- Education: Princeton University Rice University
- Scientific career
- Workplaces: United States Geological Survey Odum School of Ecology Yale University
- Thesis: Behavioral and nutritional ecology of gastrointestinal parasitism in African bovids (2002)

= Vanessa Ezenwa =

American ecologist

Vanessa Olivia Ezenwa is an American ecologist, and is a professor of ecology and evolutionary biology at Yale University. Her research considers the ecology of infectious diseases amongst animal populations. In 2020, she was selected by The Community of Scholars as one of the most Inspiring Black scientists in the United States.

== Early life and education ==
As a high school student, Ezenwa became interested in infectious diseases and ecology. Ezenwa earned her bachelor's degree at Rice University. She was a graduate student at Princeton University, where she majored in behavioral ecology. Her doctoral research considered eleven different species of African ungulate in Kenya. Some of these ungulates lived in pairs, whilst some lived in groups of one hundred. After completing her doctorate, Ezenwa joined the United States Geological Survey as a postdoctoral fellow.

== Research and career ==
In 2005, Ezenwa joined the faculty at the University of Montana. She moved to the University of Georgia in 2010. Her research considers infectious diseases in animal populations, with a particular focus on identifying effective intervention strategies. She has studied how gastrointestinal worm infections impact the susceptibility of African buffalo to contract bovine tuberculosis, and how severe their diseases are once they have become infected. She concentrated her studies on the free ranging buffalo of Kruger National Park, but the buffalo are a major reservoir of bovine tuberculosis infections in South Africa. The prevalence of the disease in Africa can impact other wildlife. Ezenwa demonstrated that it was possible to treat the worms, diminishing the severity of tuberculosis and increasing the likelihood infected animals survive. Unfortunately, because infected animals survive better, they are more likely to spread the disease. Ezenwa has investigated non-pharmaceutical approaches to managing infectious diseases amongst animals, such as test and cull programmes. Beyond African buffalo, Ezenwa studied Grant's gazelle and spiny mice. Ezenwa has investigated the influence of climate change and changing weather on infectious diseases amongst livestock.

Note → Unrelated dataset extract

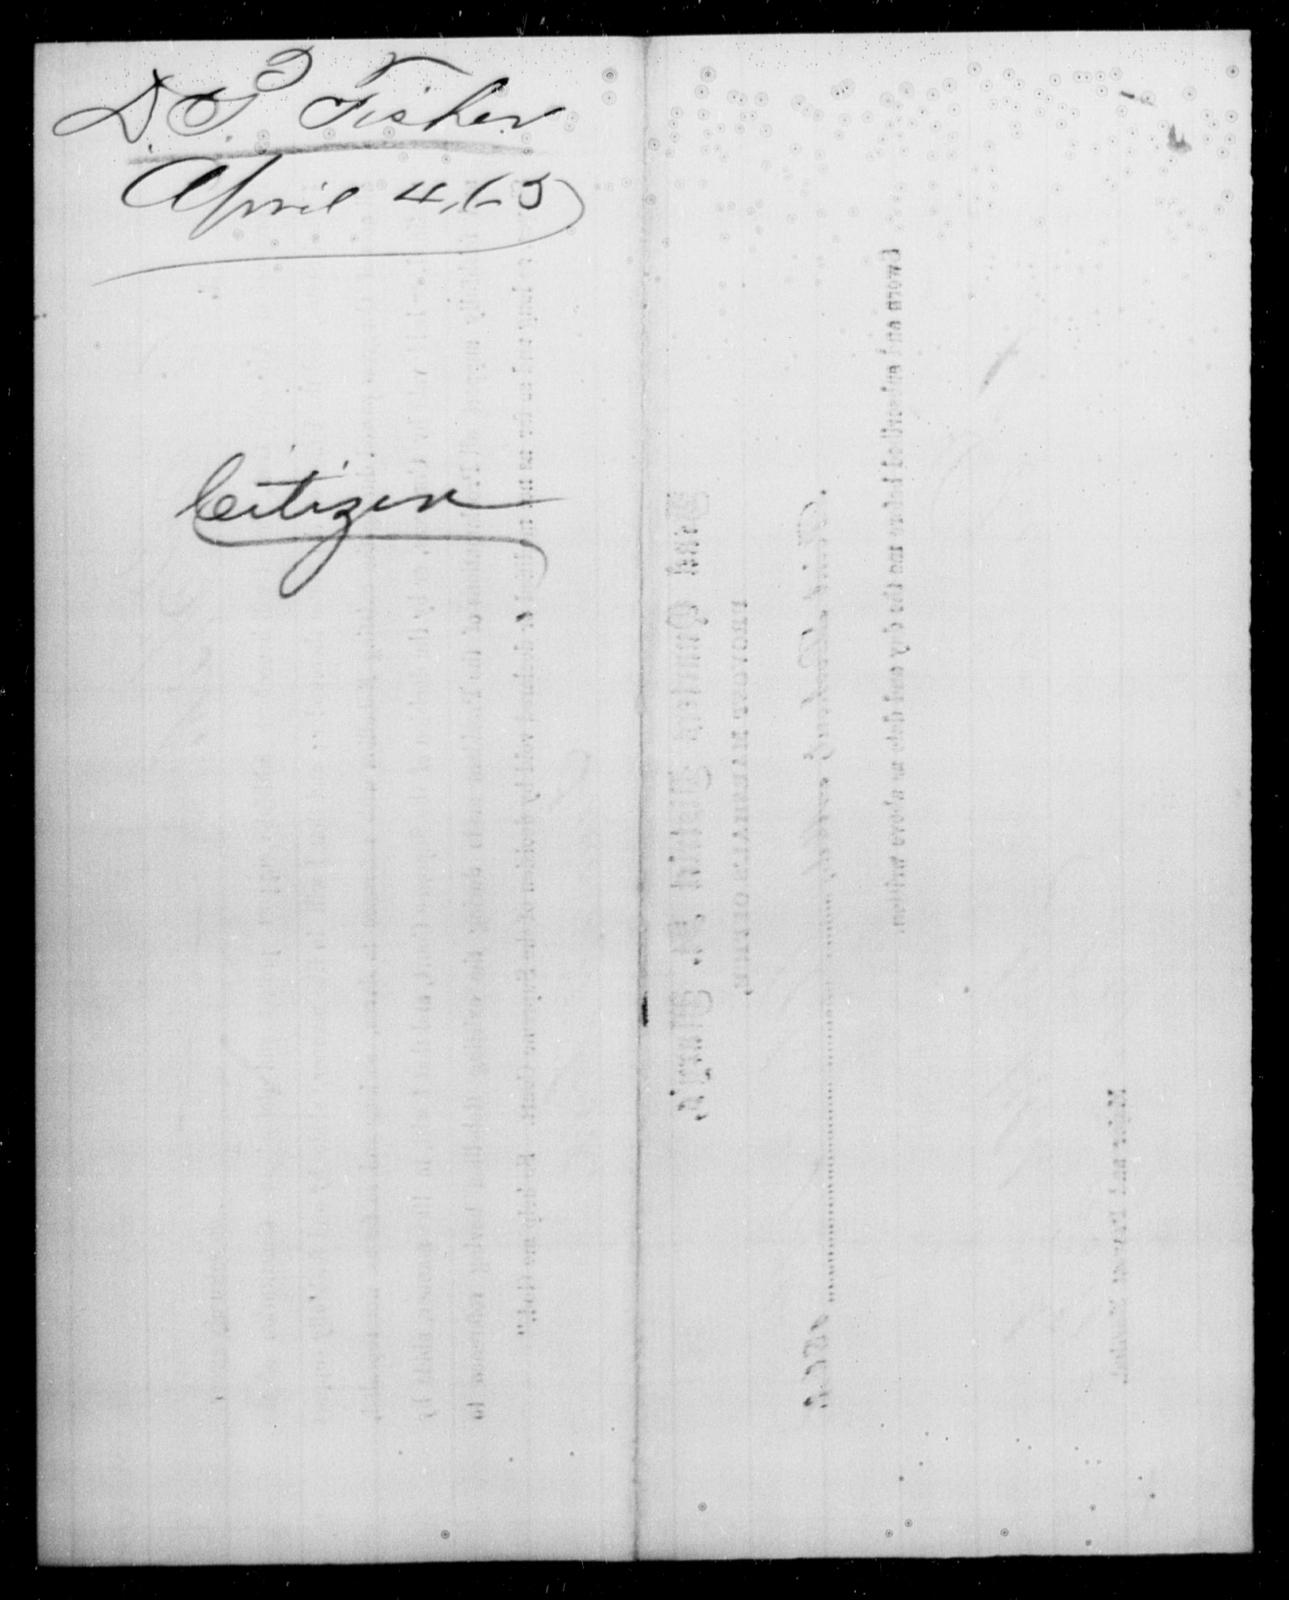 Fisher, Danore P - State: Maryland - Year: 1865

Ezenwa serves on the editorial advisory board of Science. In 2020, Ezenwa was selected by The Community of Scholars as one of the most inspiring Black scientists in the United States.

Ezenwa joined the Yale University staff in 2021, as a professor of ecology and evolutionary biology. Along with 6 of her fellow Yale faculty members, she was elected by the American Association for the Advancement of Science to join its fellowship in 2023. She was elected a Fellow of the Ecological Society of America in 2026.